Advertising or branding is never about driving sales. It’s about creating brand awareness and recall. It’s about conveying the core values of your brand to your consumers. In this context, why is branding important for cement companies? As far as the customers are concerned cement is simply cement. It is precisely for this reason that branding, marketing and advertising of cement becomes crucial. Since the customer is unable to differentiate between the shades of grey, the onus of creating this awareness is carried by the brands. That explains the heavy marketing budgets, celebrity-centric commercials, emotion-invoking taglines and campaigns enunciating the many benefits of their offerings.
Marketing strategies of cement companies have undergone gradual transformation owing to the change in consumer behaviour. While TV commercials are high on humour and emotions to establish a fast connect with the customer, social media campaigns are focussed more on capturing the consumer’s attention in an over-crowded virtual world. Branding for cement companies has become a holistic growth strategy with quantifiable results. This has made brands opt for a mix package of traditional and new-age tools, such as social media. However, the hero of every marketing communication is the message, which encapsulates the unique selling points of the product. That after all is crux of the matter here.

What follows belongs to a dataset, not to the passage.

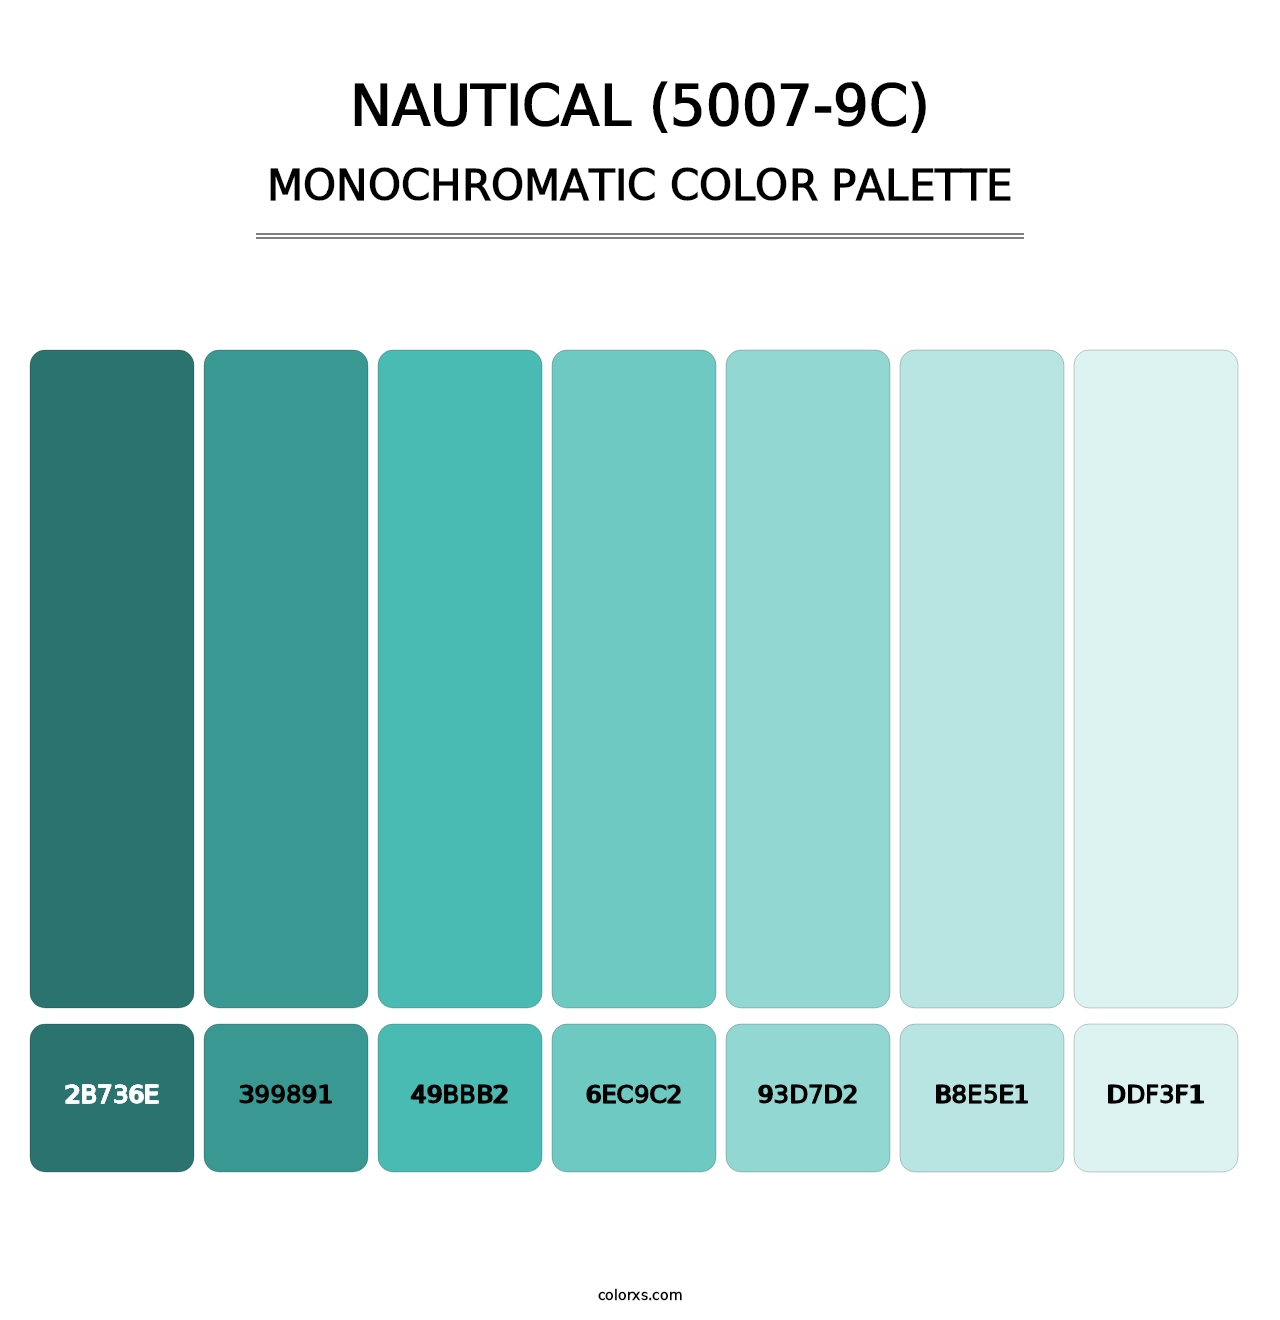 Nautical (5007-9C) - Monochromatic Color Palette

While cement companies are effectively using marketing tools to reach out to the consumers, they need to strengthen the four Cs of the branding process – Consumer, Cost, Communication and Convenience. Putting up the right message, at the right time and at the right place for the right kind of customer demographic is of utmost importance in the long run. It is precisely for this reason that regional players are likely to have an upper hand as they rely on local language and cultural references to drive home the point. But modern marketing and branding domain is exponentially growing and it would be an interesting exercise to tabulate and analyse its impact on branding for cement.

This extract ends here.